JOURNAL ARTICLE

[Value of pulse indicator continuous cardiac output monitoring of cardiac function in septic shock patients: a prospective study]

Min Yi, Gaiqi Yao, Xiangyang Guo
Zhonghua Wei Zhong Bing Ji Jiu Yi Xue 2015, 27 (1): 22-7
25591432

OBJECTIVE: To investigate the value of employing pulse indicator continuous cardiac output ( PiCCO ) for cardiac function monitoring in patients with severe septic shock.

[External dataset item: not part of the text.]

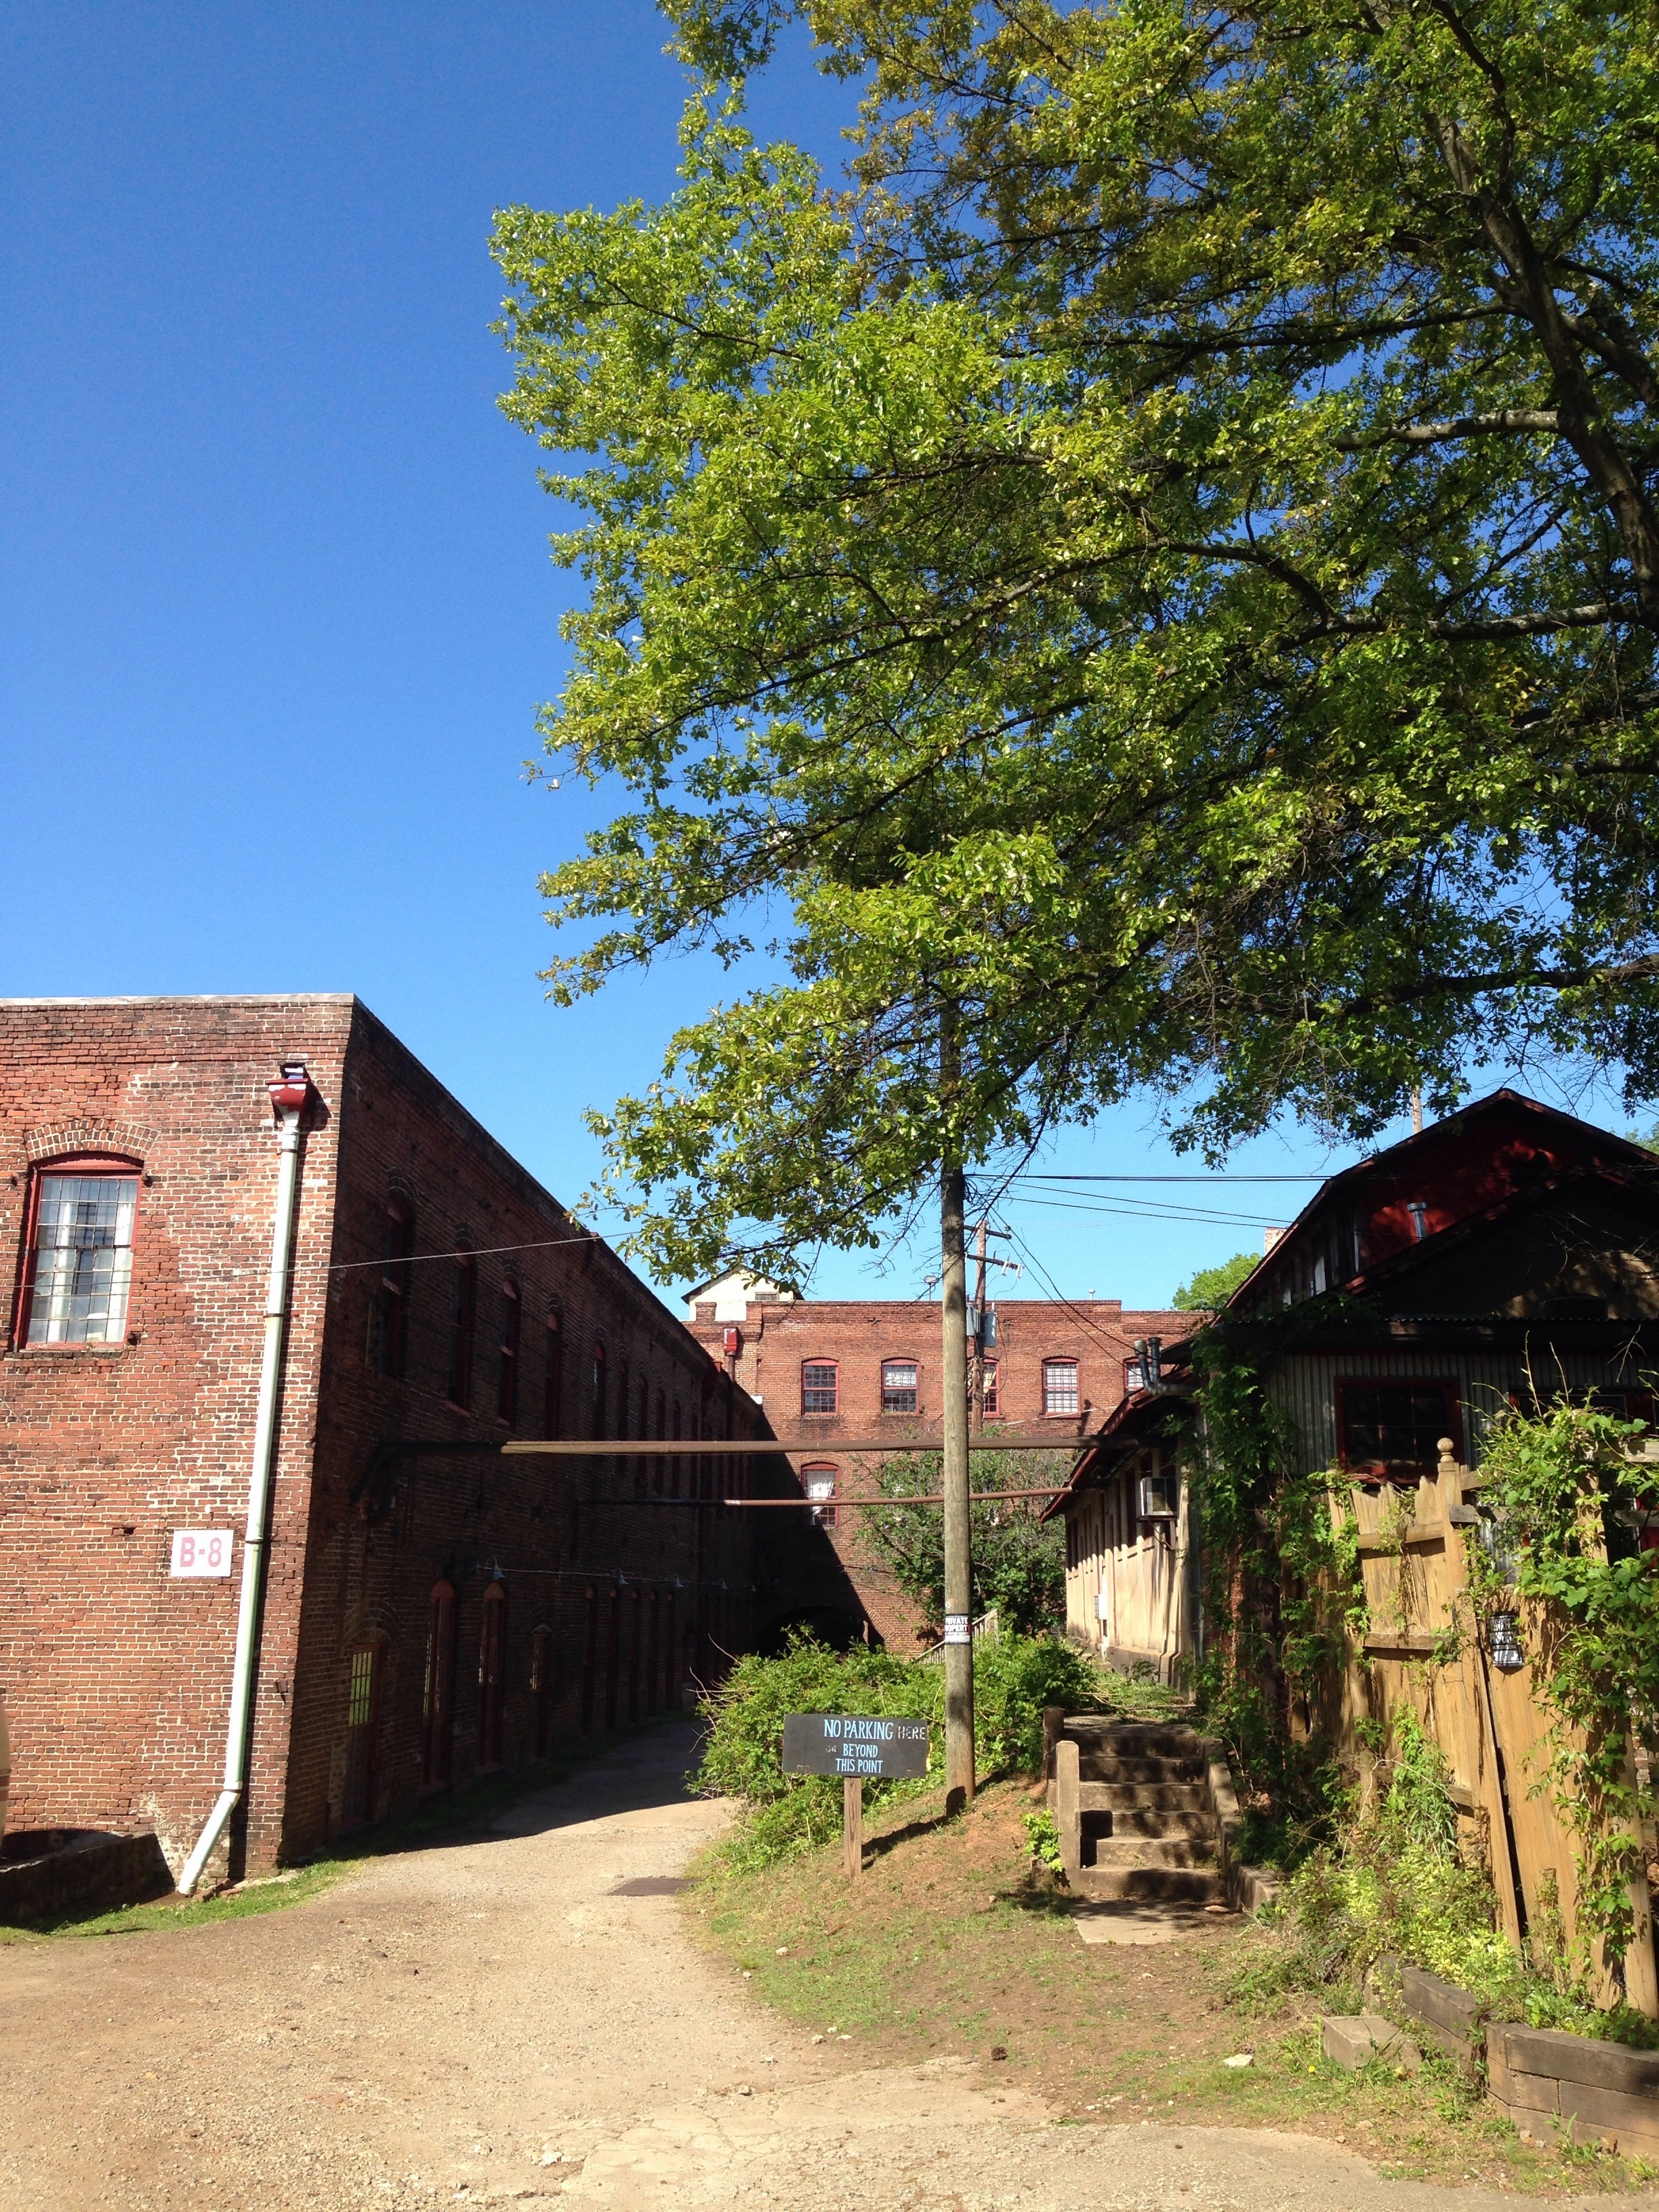 The Goat Farm Arts Center

METHODS: A prospective observation was conducted. Thirty-six septic shock patients in Department of Critical Care Medicine of Peking University Third Hospital admitted from August 2011 to December 2013 were enrolled. According to the degree of severity, the patients were divided into PiCCO monitor group and routine monitor group. The PiCCO monitor provided a continuous assessment of fluid resuscitation, vasopressors and inotropes infusion in the patients with severe septic shock. The following cardiac function parameters were assessed in severe septic shock patients on the 1st and 3rd day after intensive care unit ( ICU ) admission: cardiac index ( CI ), global ejection fraction ( GEF ), rate of left ventricular pressure increase ( dp/dt max ), echocardiography, and blood troponin T ( TNT ) and B-type natriuretic peptide ( BNP ). The central venous pressure ( CVP ), mean arterial pressure ( MAP ) and the time reaching their standard values, and the norepinephrine dosage and 3-day fluid balance in severe septic shock patients were compared between milrinone and non-milrinone usage groups. The severity degree and outcome were compared between PiCCO monitor group and routine monitor group.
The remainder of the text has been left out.